As I was conducting these student-parent-teacher interviews, I found myself making the same comment repeatedly. I would ask students to not spend more than five minutes stuck on a maths problem. Instead, I would suggest they circle the problem and raise it individually with me or in class. I have a box on the whiteboard where students can write-up homework queries at the start of the lesson or add a tick to a query someone else has raised. Usually, the same question causes problems for several students and so I can tackle them with part of the class as the other students work independently.

Instead of being stuck a long time, I ask students to move on and attempt other problems. I tell them that given enough time, I would back them to solve the problem but this is not efficient when they could spend that time in additional practice. I claim there is nothing to be gained from prolonged periods of being stuck, there is no medal available and no cash prize.

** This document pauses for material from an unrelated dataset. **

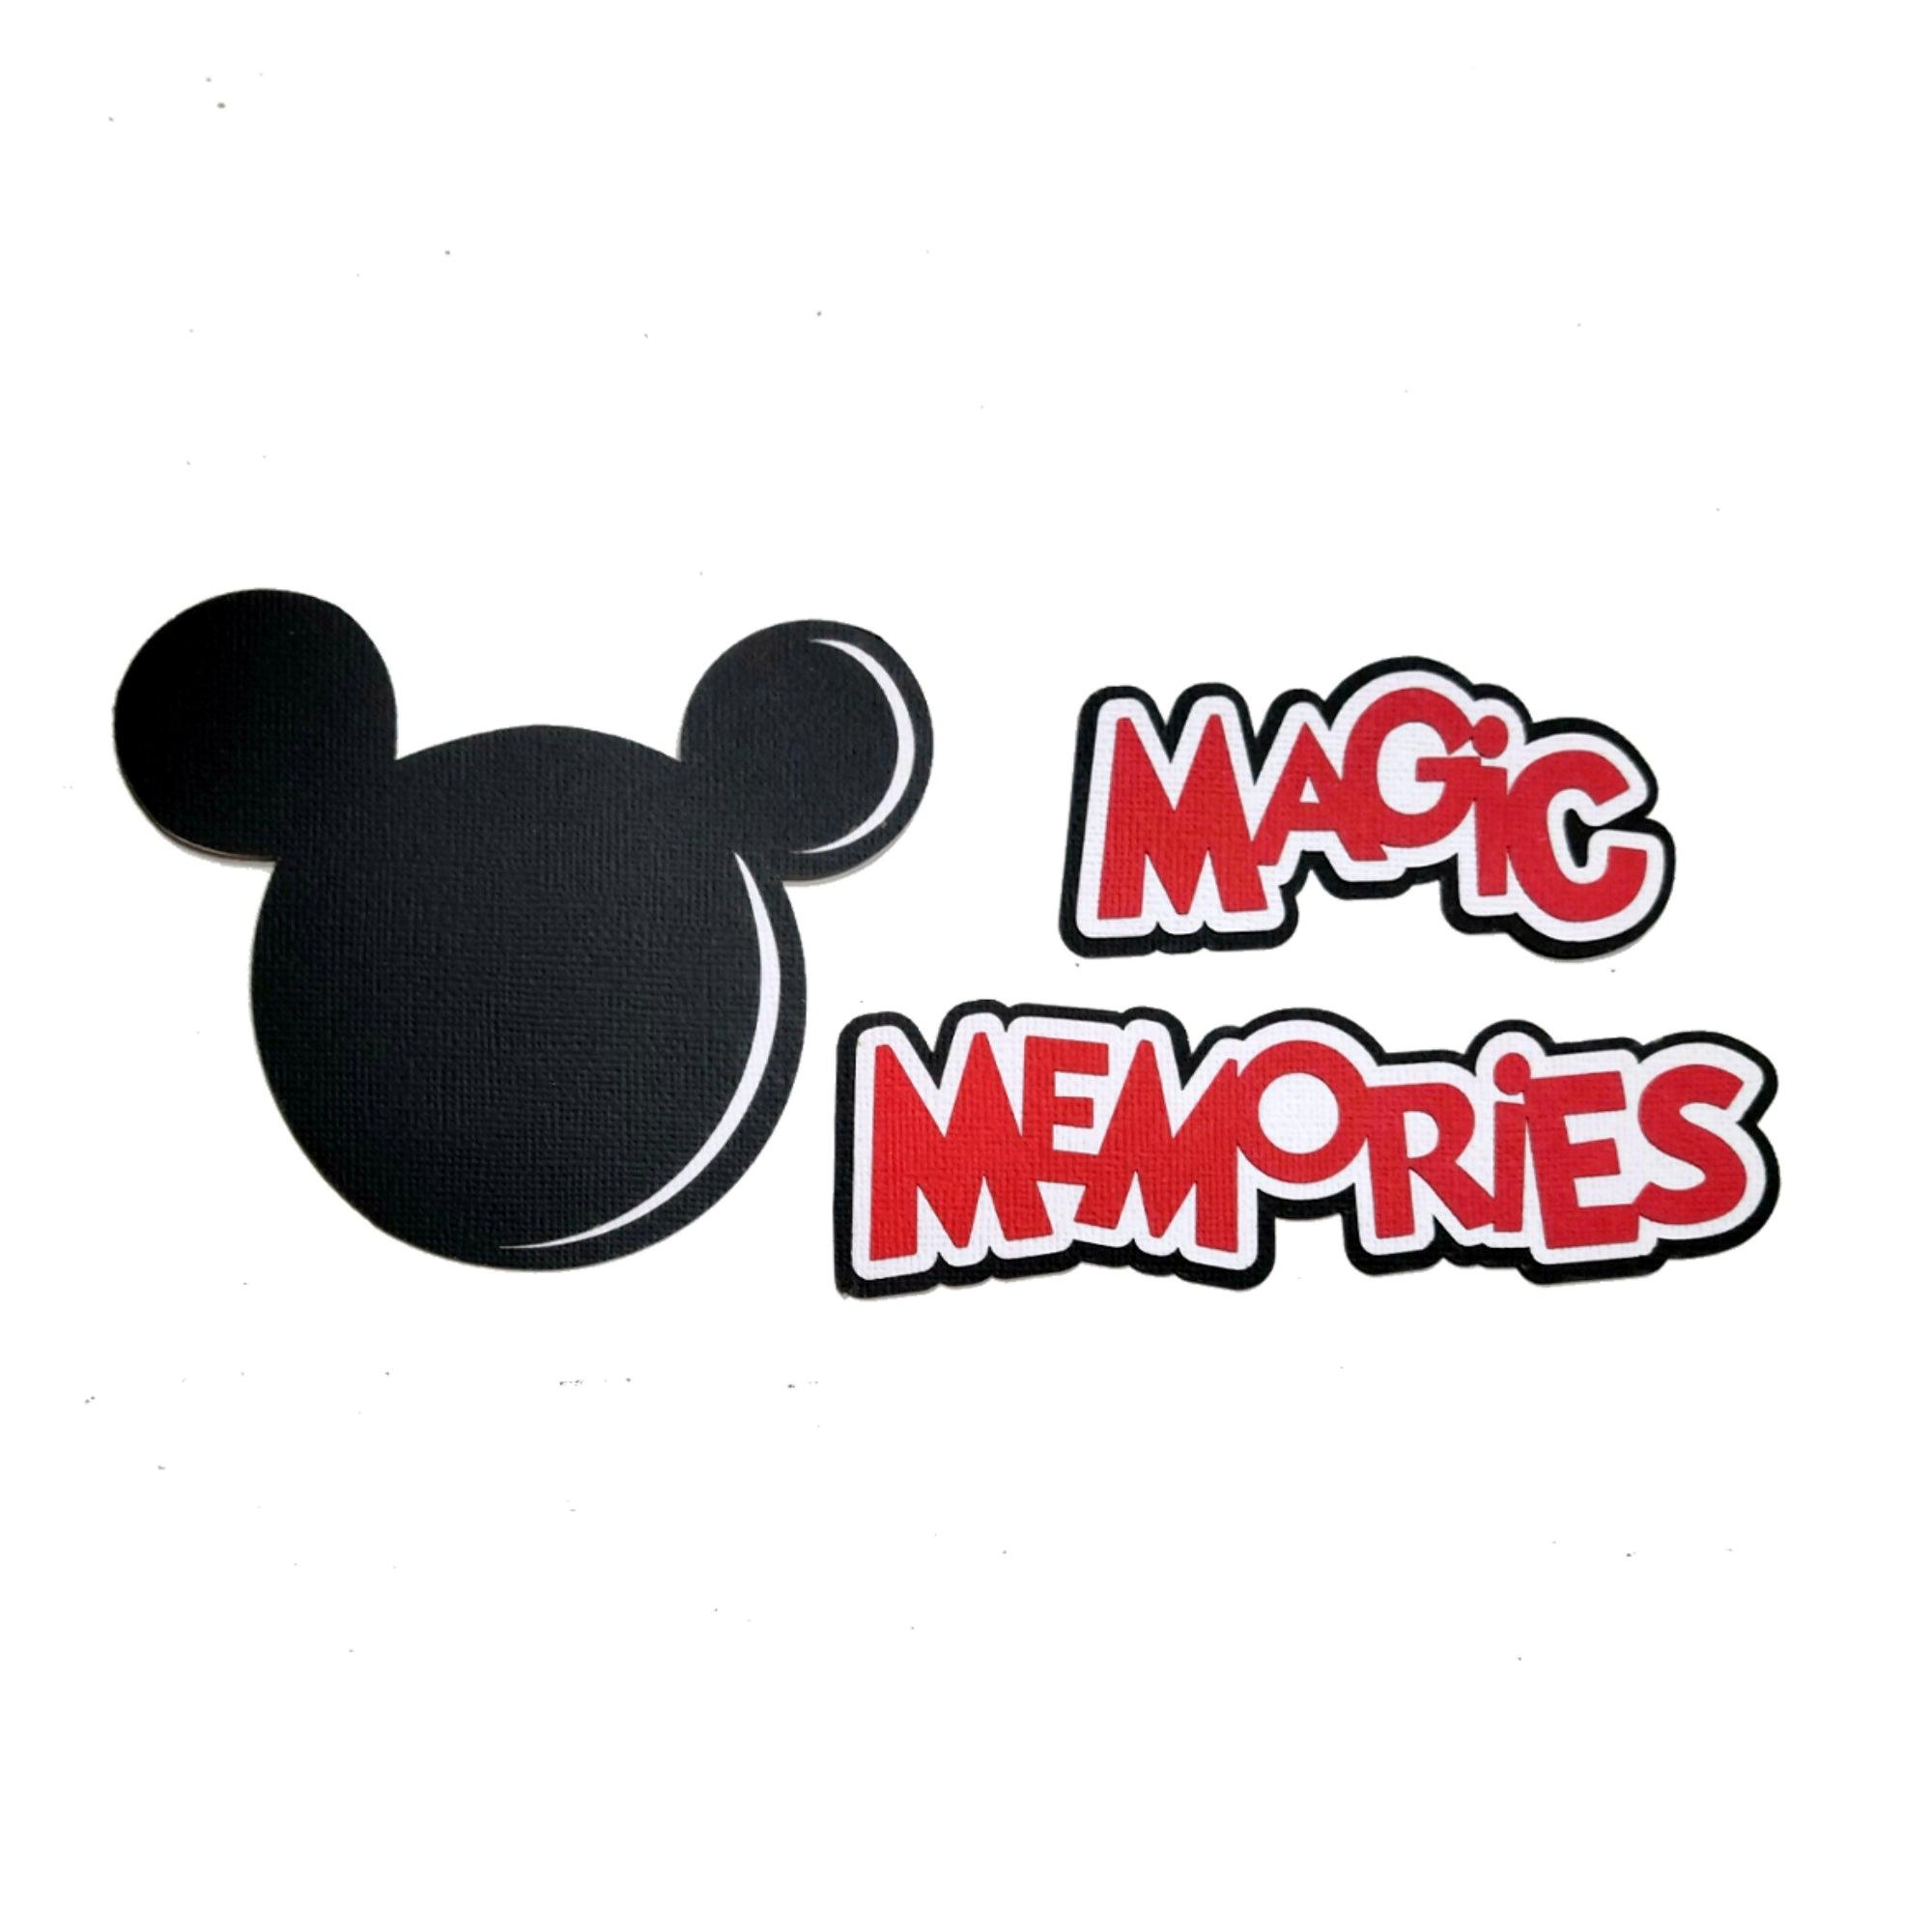 Disneyana Title & Icon Magic Memories Fully-Assembled Laser Cut Scrapbook Embellishment by SSC Laser Designs

You may agree with me. If not, you probably believe one or both of the following:

  1. Working through a problem and eventually figuring out how to do it leads to better learning.

  2. Struggle builds resilience or some other non-cognitive ability.

As far as I am aware, there is no strong evidence to support the idea that figuring something out for yourself delivers learning gains.

One classic 2004 study by David Klahr and Milena Nigam investigated this hypothesis in the context of third and fourth grade students learning about the need to control variables in science experiments. Half the students were taught the principle directly and half were given an exploration task that facilitated their discovery of this principle.

As we might expect, fewer students learnt the principle in the discovery learning condition, but this is not the most interesting finding. Those student who learnt the principle were then given the task of evaluating science fair posters. These described two science projects other notional students had conducted and that did not properly control variables. It was an example of a transfer task because both groups had learnt about variables in the context of balls rolling down ramps whereas the science fair posters were about memory and how holes made in a ping-pong ball would affect its flight.

Critically, the students who had managed to discover the principle of controlling variables for themselves were no better at evaluating the science fair posters than those who had learnt it by direct instruction.

OK, so this research is not about maths problems. However, the burden really lies with those who argue an advantage to struggling with a problem for prolonged periods to demonstrate it. I am aware of little. By contrast, the benefits of further practice — retrieval practice — that students could complete by practicing other problems instead of being stuck are well documented.

So, what of the idea of building resilience? Again, it is an hypothesis in need of some supporting evidence. I guess that if a student does eventually solve the problem, this could be a positive experience. Or, it might not be — they may feel silly for not seeing the solution earlier. And what if a student spends 30 minutes on a problem and still does not solve it? May they perhaps grow frustrated? Maybe this will even feed into self-talk about not being any good at maths? I remember feeling this way at university after spending an hour trying to solve a physics problem.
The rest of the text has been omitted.